アズラスは軽蔑の眼差しでアレックスを見つめた。彼のサポートのオーラが強く輝いている。戦士でないとはいえ、その放つエネルギーは十分に目を引くものだった。


「貴様ごときが俺を惑わせるつもりか?」

漆黒の獅子は低い声で唸った。


アレックスはごくりと唾を飲み込んだが、足を止めなかった。

彼の狙いはただ一つ——アズラスの注意を自分に向けさせること。その隙に、EMI、アリア、セレナが連携攻撃の準備を整える。


獅子が一歩踏み出した瞬間、大地が震えた。

轟音とともにアズラスの姿が掻き消えたかと思うと、次の瞬間にはアレックスの目の前に現れていた。


「——速すぎる!」

アレックスの背筋に冷たい戦慄が走る。


アズラスは影を纏った鋭い爪を振り上げ、一撃でアレックスを切り裂こうとした。


「——今だ!」

アレックスが叫ぶ。


その瞬間、黄金の閃光とともにEMIが横に飛び出した。

彼女の拳が聖なる光をまとい、アズラスの爪を受け止める。


ズガァンッ!


衝撃で地面が砕け散ったが、EMIは一歩も引かず、そのまま獅子を押し戻した。


「もっと頑張らないと、私たちには勝てないよ!」

EMIは挑発するように微笑んだ。


アズラスは数歩後退し、目を細めた。

「ほう……ただの人間が、俺と互角にやり合えるとはな」


だが、彼の驚きは一瞬だった。


「——幻影の闇!」


アリアの声が響くと、突然、アズラスの周囲に漆黒の旋風が巻き起こった。

地面から無数の影の触手が這い出し、獅子の四肢に絡みつく。


「この程度で俺を捕らえたつもりか?」

アズラスは吼え、力を込めて束縛を引きちぎろうとした。


@@


「そんなことはしないわ。」

落ち着いた声が答えた。


アズラスは顔を向けた。そこには空中に浮かぶセレナがいた。

彼女の周囲には崩壊の魔力が渦巻き、眩い光を放っている。


「これで終わりよ、漆黒の獅子!」


セレナが手を伸ばすと、一瞬にして崩壊のエネルギーが猛威を振るい、アズラスへと殺到した。

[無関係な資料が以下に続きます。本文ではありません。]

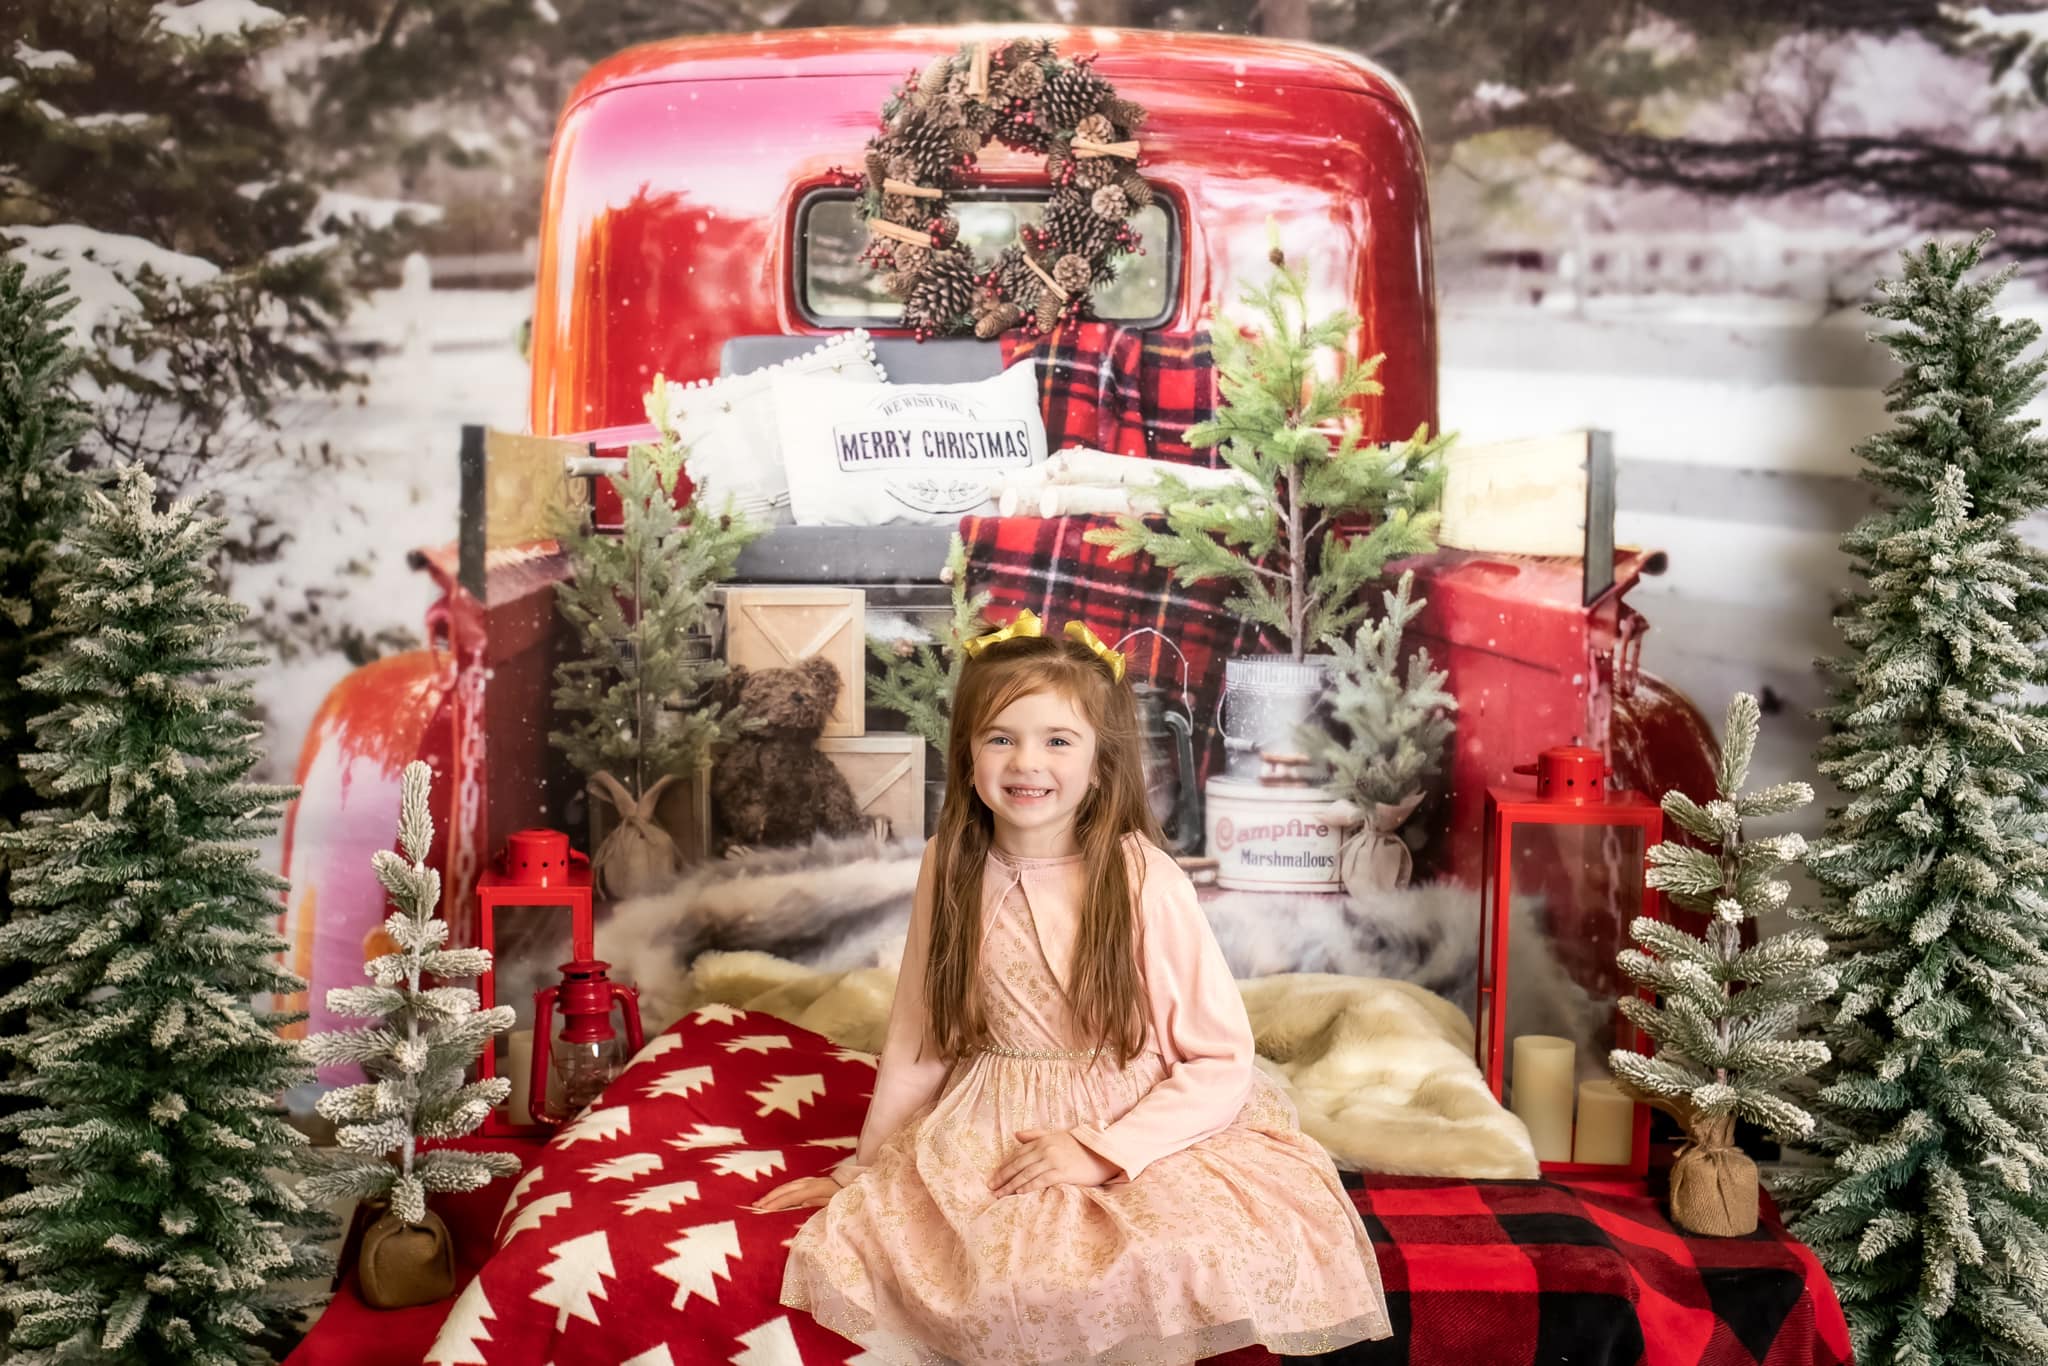 Camion rosso di Natale su sfondo innevato in RTS progettato da Mandy Ringe Photography

獅子は怒りの咆哮を上げ、全力で拘束を破ろうとしたが、アリアの影の魔法が彼をしっかりと縛り付けていた。

その隙をつき、EMIが光の魔力でさらに動きを封じる。


息を荒げながら仲間を支援していたアレックスは、その光景を見つめた。


「…これで決まるはず…!」


しかし、その瞬間——アズラスの黄金の瞳が激しく輝いた。


「俺を甘く見るなァ!!」


暗黒のエネルギーが爆発し、影の拘束を粉砕するとともに、セレナの攻撃の一部をかき消した。

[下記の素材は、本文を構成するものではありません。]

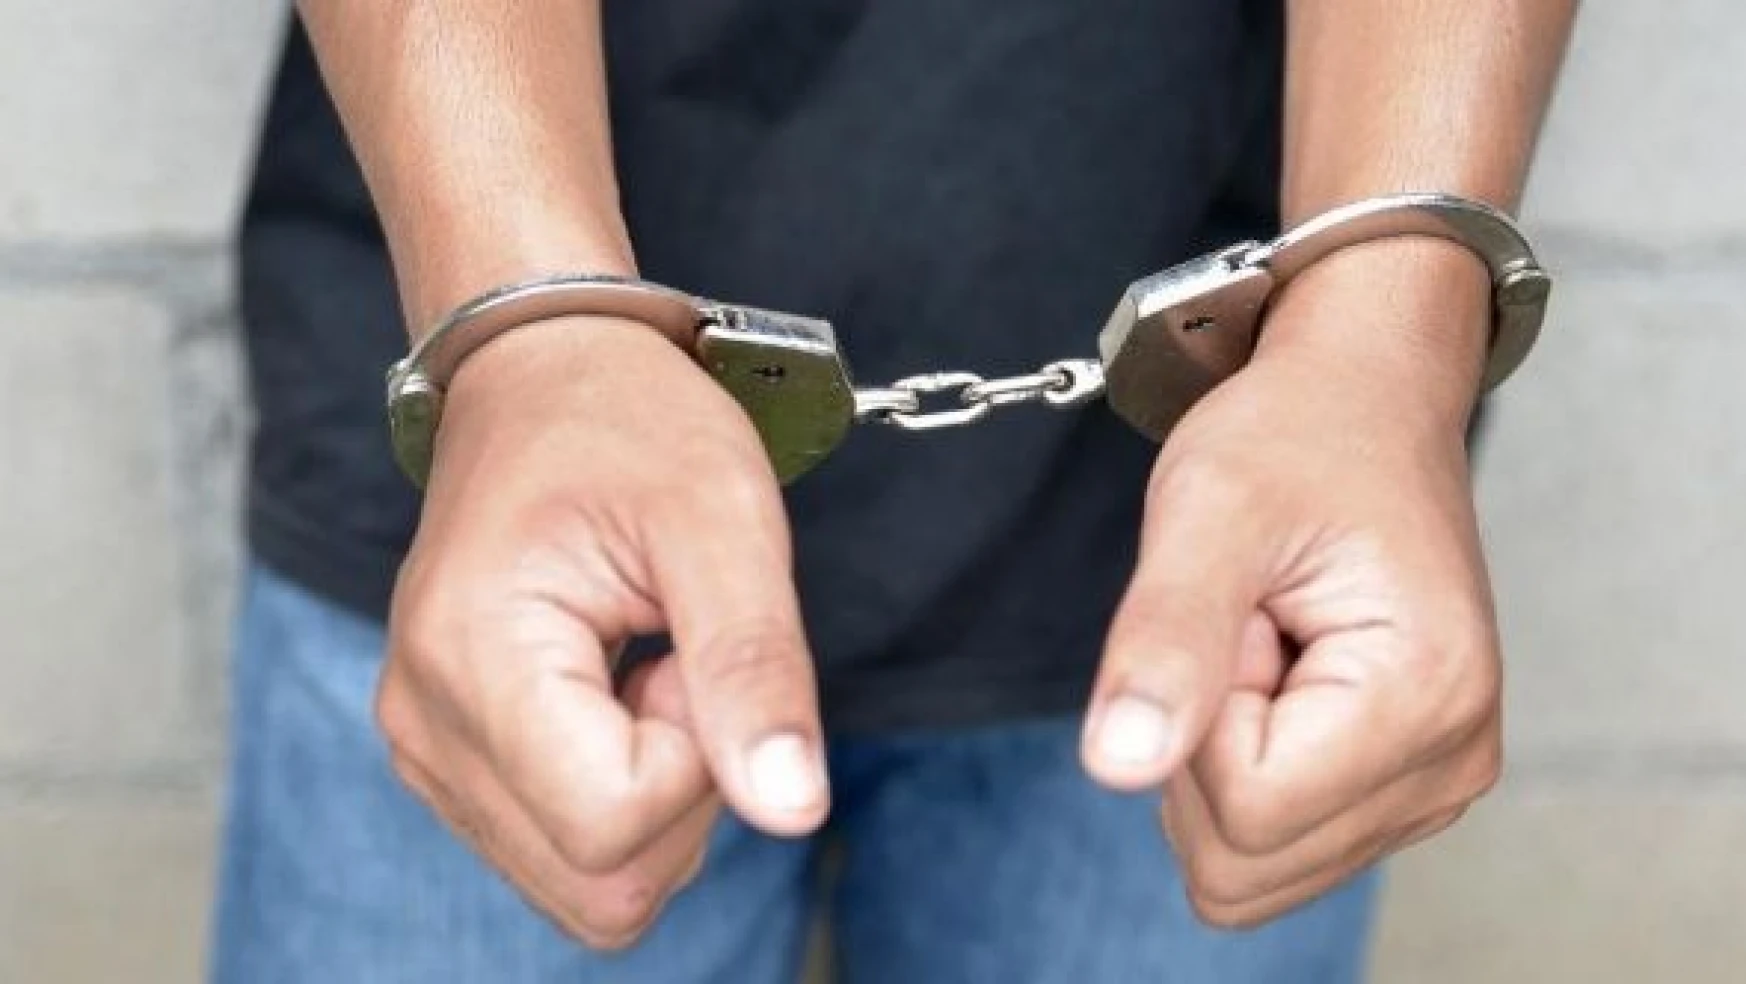 Erzurum'da hırsızlık yapan 3 kişi tutuklandı

それでも、その毛並みには焼け焦げた跡が残り、部分的に崩壊の影響を受けた体がわずかに消えかけていた。


アズラスは地面に着地し、荒い息をつきながら四人を睨みつけた。


「フン…悪くない…」

獰猛な笑みを浮かべながら唸る。

「俺に本気を出させる奴が現れるとはな…何年ぶりだろうな?」


四人の全身が緊張に包まれた。


「…なに…?」

アレックスは背筋に冷たい感覚を覚えた。


アズラスの気が変化する。

漆黒の毛並みが深い蒼の輝きを帯び、たてがみが影の炎となって揺らめき始めた。

その瞳は、先ほどまでの黄金ではなく、まるで幽玄の太陽のように光り輝いている。


「——ここからが本当の戦いだ!!」


漆黒の獅子が咆哮する。


アレックスは拳を握りしめた。


「…みんな、これは想像以上に厳しくなりそうだ。」


アズラスの四肢が地を踏みしめた瞬間、大地が揺れ、暗黒の気が燃え盛る炎のように広がっていく。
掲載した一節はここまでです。